CT: It was mentioned in the talk that many people these days are not even looking for the spiritual answer in the Church anymore – do you think the Church has lost its spirituality?
SH: Well to some extent it may have done, as what the Church has been called to do, from my position in an Anglican tradition, when we ordain someone we say that your calling is to proclaim the gospel afresh in every age. In a sense this is what we are talking about.
We have now been through an age where science and rationalism was driving out the whole understanding of the spiritual, and so the Church found itself engaging in the world that wanted scientific reasoning and arguments. And to an extent the Church did adopt this way of speaking about Christianity, and so many of the mystical sides of the faith were driven out. I don’t mean to say that this is true about everything in the Church as there are still sources to draw from, but I think the church did drive it out to engage more, now only to find it all coming back in again.

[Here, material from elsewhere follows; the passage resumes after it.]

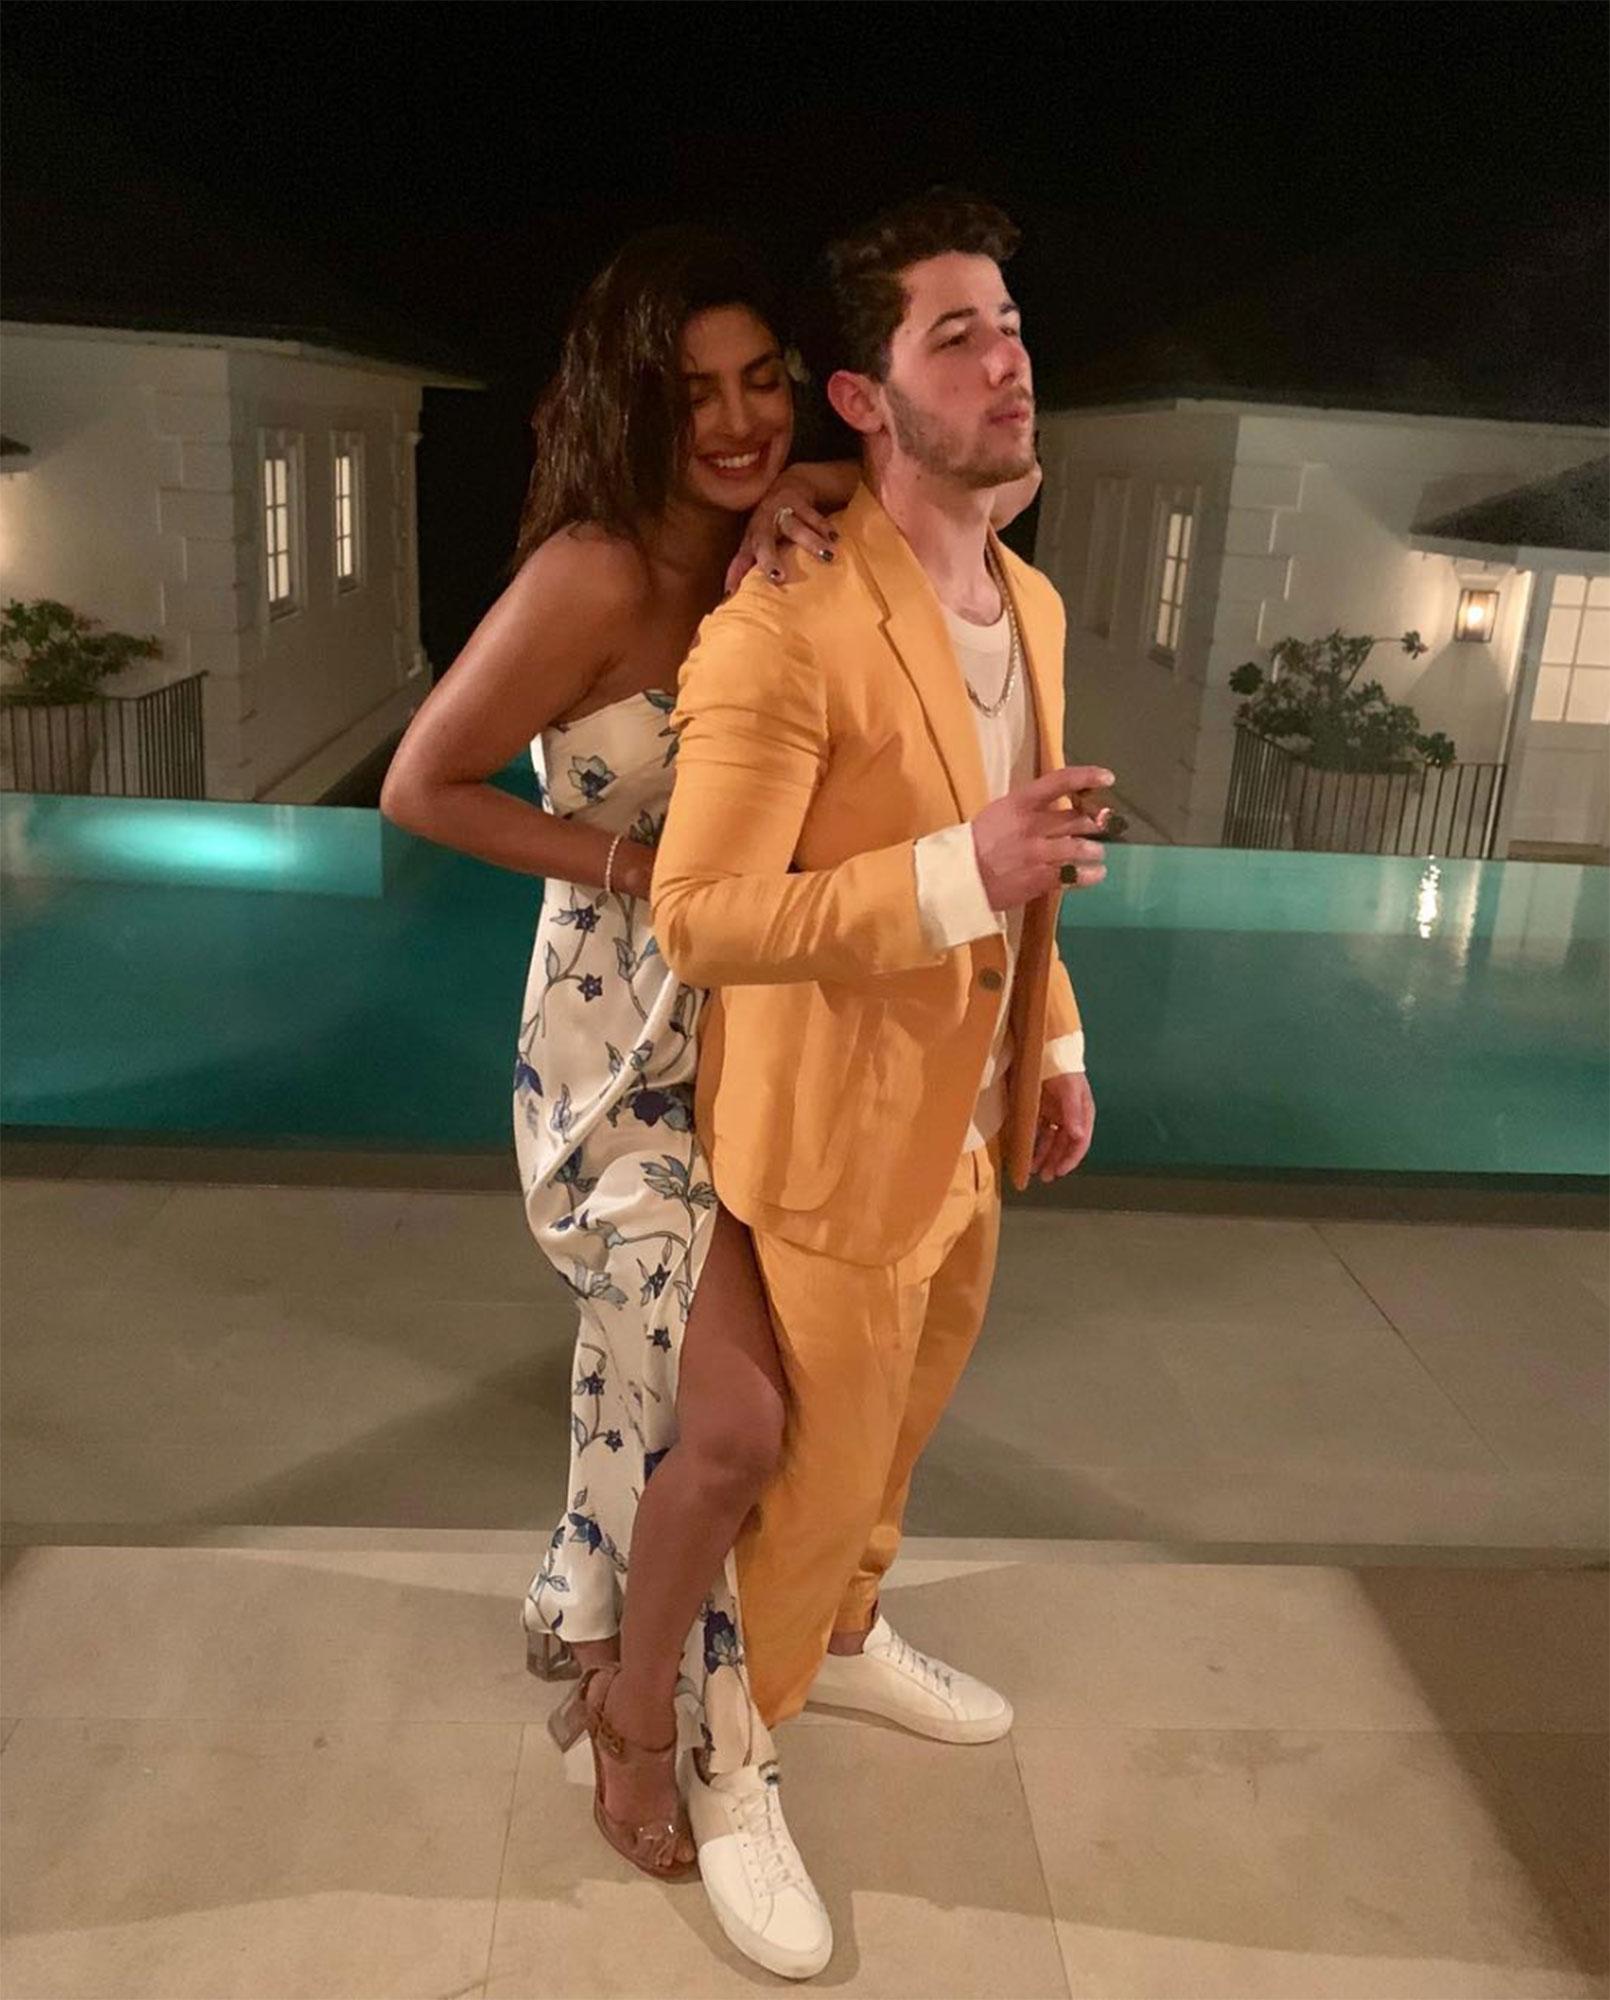 Nick Jonas and Priyanka Chopra's Honeymoon - Nick Jonas and Priyanka Chopra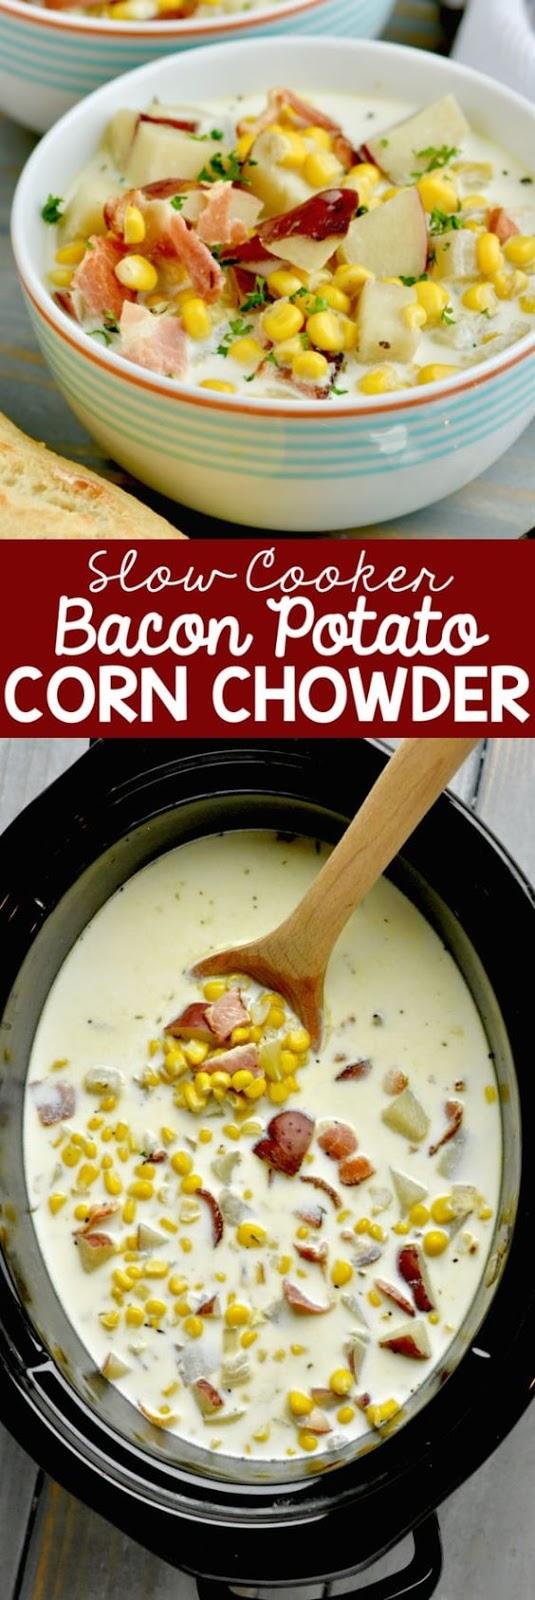 Slow Cooker Bacon Potato Corn Chowder

CT: So what is left for the Church to do then, and what action can the Church make to move forward and bring people to their churches?
SH: Well I would advocate taking the church to the people, and it is an important difference. As Christians, we tend to lay on our events and say come to this and say it will be good. But we have to actually get out and be with people.
We also have a great amount of spiritual people in the Church itself, and I think people will find the things they are searching for here. However, to a certain extent I also think that we have to relearn our own faith and learn to be more comfortable to speak about it rather than be embarrassed about talking about spiritual things, and do this alongside them. So when they speak about their spiritual things we can also talk about ours but then reveal that God is at work in the process. So God is present, and as I share God is working in that.
Also as I have done, Christian can set up stalls at some New Age fairs. There are over 150 of them in UK now, and you will find most communities have them. So churches, of course after investigating them fully, can go to them. People are often stunned that Christians are there and then they come to see that Christians are in fact spiritual and find there are things in the Christian traditions they can relate to and find attractive, much to their surprise. So even if you only go this far it is good.
But also we need to find ways to worship and use language that really engages with people. It is a learning process, unless it comes with real engagement to the people we preach to then it will only be our idea of what is effective, and it will not really connect.
But Christianity and the Church has done this before, it is a global faith as it has successfully gone out and gone into other cultures and made itself relevant, and I think there are many things we can learn from this as we go into our own cultures today.